I have a strange problem. 

For the past 2 weeks I can't seem to take a normal stance and hit the ball cleanly. Everything hits the heal of the club. 

The only way I can make good contact is if the clubhead is actually below the ball apon setup. In other words, the ball is above the toe of my club head.

How can I correct this?

Thanks

- Todd


----------



## golfermatt91 (Jul 14, 2006)

a couple questions are you playing your 3,4,5,6 irons 2 in. off your left heal and your 7,8,9,pw 2 in. of your right heal.

you might be standing to close to the ball or at setup your not lowering the club 

you should always tilt the club down a little bit your hands reaching down and you have to maintain a good posture throughout inpact keeping the same posture throughout the follow through.


----------



## papperlapub (Jul 10, 2006)

hi TSPree,

you might look up before you make contact. Common problem. If your swingpath and stance, like the previous post mentioned, is not good enough, you might as a result of all these little problems hit sockets (hitting the ball at the heal).

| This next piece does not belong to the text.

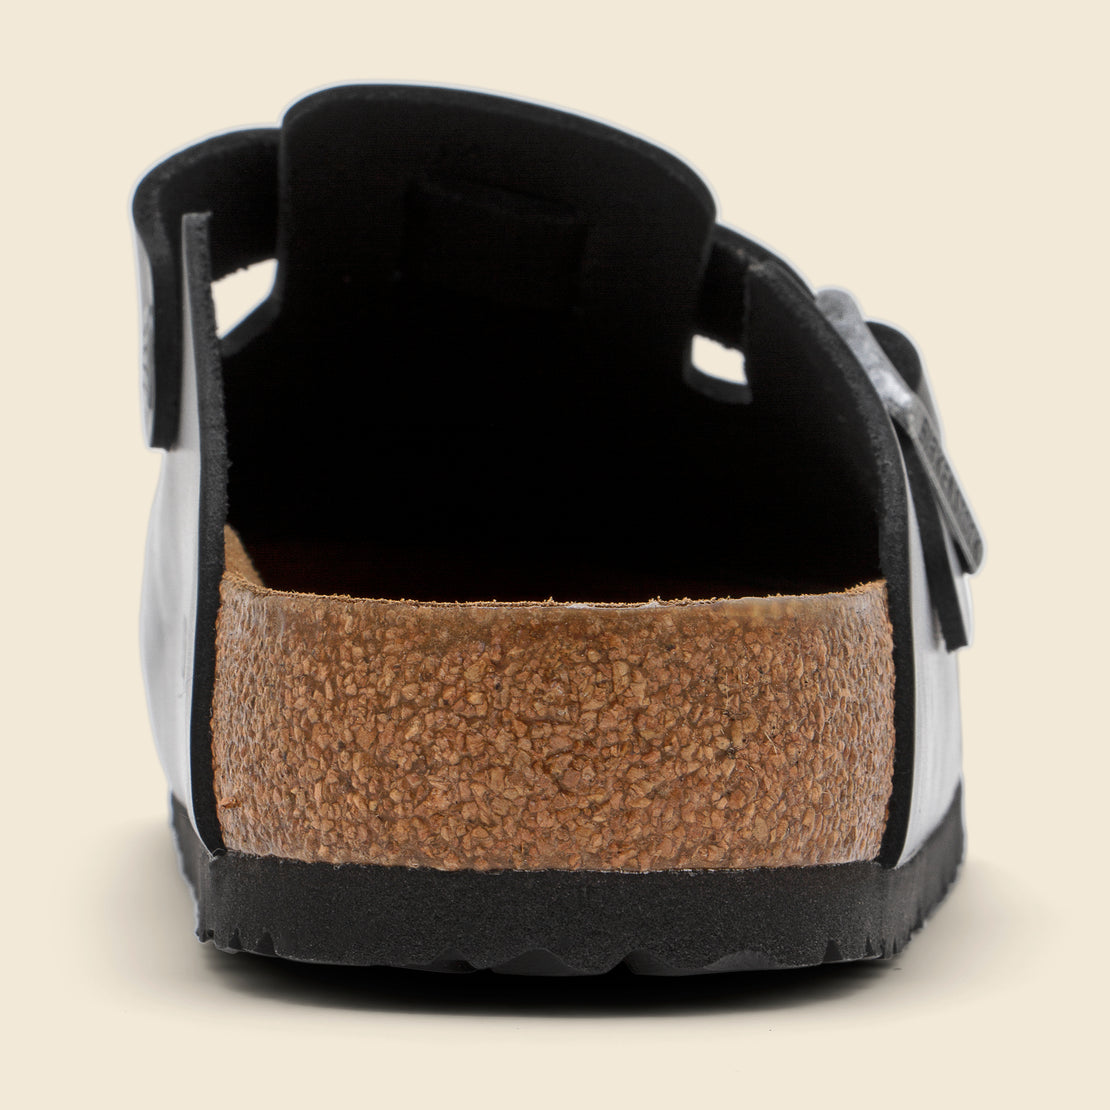 Boston Leather Clog - Amalfi Black - Birkenstock - STAG Provisions - Shoes - Sandals / Flops

So i would try to look first, if you look up before you hit the ball. If it works, then look into your stance and swingpath, because even if you look up, you should not hit sockets.

Good luck


----------



## ou812 (May 15, 2006)

thank you! yeah I was speaking to friend he also told me you have to hit the ground a little to get the ball up! I'll try it all I'll get it!:thumbsup:


----------